Carbapenemase-Producing Enterobacteriaceae (CPE) Bloodstream Infections (BSI) in Neutropenic Patients (pts) with Acute Leukemia (AL). Comparison of 2 Strategies

Introduction. The global increase in CPE infections is probably the strongest threat to the success of AL therapy nowadays. CP-K.pneumoniae (CP-Kp) BSI in particular have a high mortality in neutropenic pts, tend to reappear in subsequent courses and lead to delays in chemotherapy (CT). To make things worse, no effective decolonization is available, isolation measures are controversial, and optimal treatment is largely unknown. The widespread use and abuse of carbapenems perpetuate the problem.

An outbreak of CP-Kp BSI began in our center in Nov/16, leading to profound changes in empirical and directed antibacterial protocols. This report analyzes the impact of these modifications on clinical outcomes.

Methods. Until Feb/18, our empirical regimen for a first neutropenic fever was monotherapy with meropenem; for documented CP-Kp BSI a double or triple combination, including colistin, tigecycline, high-dose/prolonged infusion meropenem or an aminoglycoside, was selected according to MICs. Since Mar/18 empirical carbapenems were banned, and a new empirical strategy was implemented: pts who were not colonized (rectal swab screening at started Sept/17) received piperacillin-tazobactam; known colonized pts received colistin + tigecycline. This regimen was modified 48h later on the basis of blood culture results, with de-escalation (if no growth of CP-Kp) versus immediate prescription of ceftazidime-avibactam (CF-A) which was given even for colistin-susceptible strains, with the dual intention of reducing nephrotoxicity and delaying resistance to colistin. Univariate analysis was performed to identify factors related to mortality, using the χ2 test and Fisher's exact test.

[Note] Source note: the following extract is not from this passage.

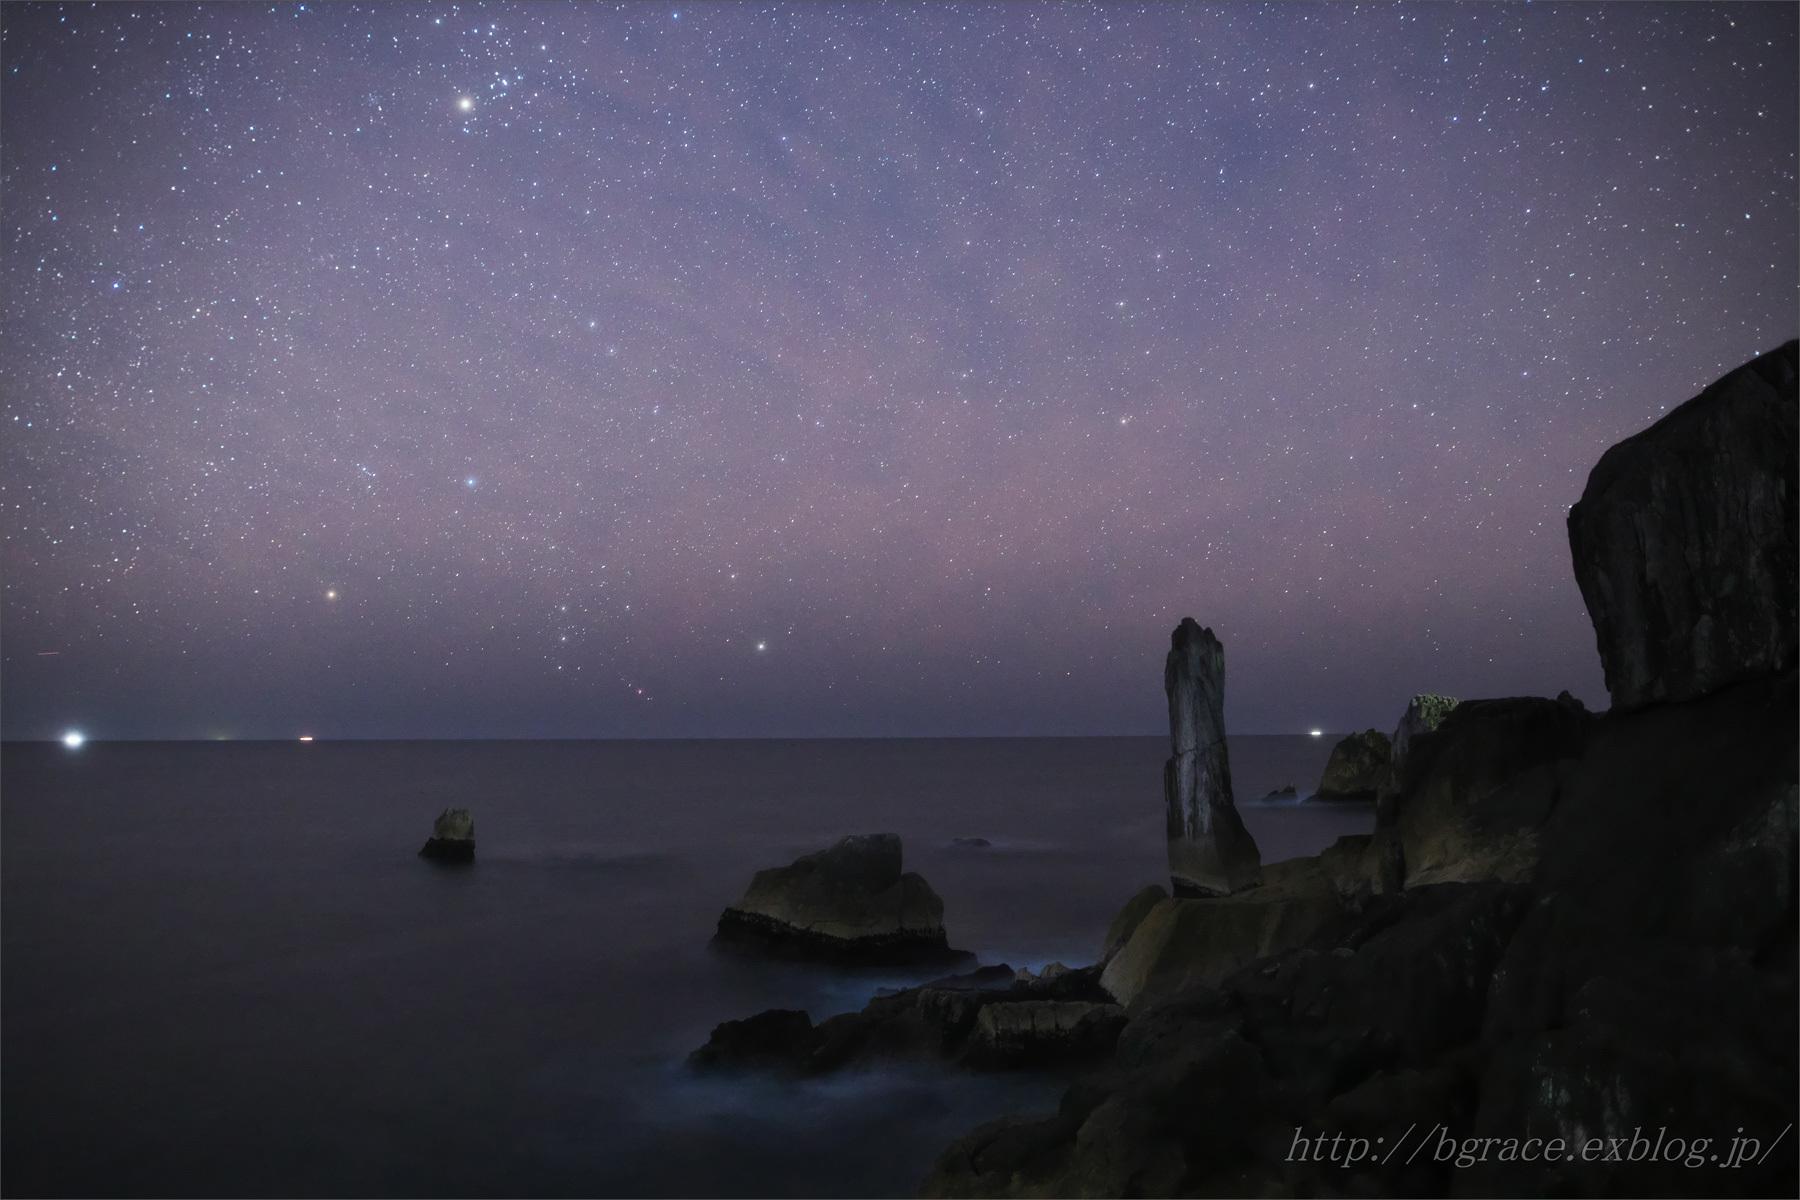 大気光にやられた夜_b0191074_15423694.jpg

Results. From Nov/16 to Aug/18, 54 consecutive CP-Kp BSI were documented in 45 pts (9 pts surviving a first episode developed a new one in a later CT course). Of note, 3 of these 54 BSI occurred in 2016 (1% of all BSI and 4% of Kp BSI that year), 32 in 2017 (11% and 38%, respectively), and 19 in 2018 until August (13% and 32%). Median age of pts was 58 (17-85), 34 were male, and hospitalization was mainly intended for induction (74%) or consolidation (18%) cycles. Median duration of neutropenia < 500/μl at the onset of bacteremia was 7 days (0-74). A clinical source was identified in most pts: pneumonia in 26%, soft tissue infection in 22%, enterocolitis in 17%. Of the 30 episodes registered since screening began, 16 occurred in colonized patients (11 with KPC, 5 OXA-48). Septic shock developed in 41% of the episodes, and ICU admission was necessary in 30%. In 19 episodes (35%) empirical antibacterial treatment was (retrospectively) considered appropriate if it had included colistin and/or tigecycline. CF-A was prescribed as directed therapy in 28 cases (52%). Microbiological cure (negative blood cultures) was verified in 86% of 49 evaluable episodes. Attributable mortality (due to this infection) at day 14 of the onset of bacteremia was 22% (12 cases) and global mortality during hospitalization was 31% (17 cases). Fifteen of these 17 deaths occurred in the 40 episodes registered before protocol modification in Mar/18 and only 2 in the 14 episodes after that date (37% vs 14%). Adverse outcomes were significantly related to unresolved bacteremia, to occurrence of septic shock and to ICU admission (all p<0.001). Survival was more likely if microbiological cure was achieved (p<0.001), if appropriate antibiotics were empirically given at the onset of fever, and if directed treatment consisted of CF-A (p=0.02).

Conclusions. In this series of profoundly neutropenic pts under intensive CT, the mortality rate from CP-Kp BSI was very high. Unresolved neutropenia and severity of the infection itself (as measured by the presence of septic shock and/or ICU admission) had, as expected, a major impact on death. Two treatment-related factors (time to appropriate empirical coverage and directed use of CF-A) had a major influence on survival, both presumably through faster microbiological resolution. The strategy we implemented has two aims: allowing appropriate and timely empirical coverage in colonized patients while sparing carbapenems, and optimizing directed therapy while reducing colistin use and toxicity. Although the present data need confirmation in a larger series, we believe that the recent sharp decrease in mortality observed in our pts with CP-Kp bacteremia stems from these measures.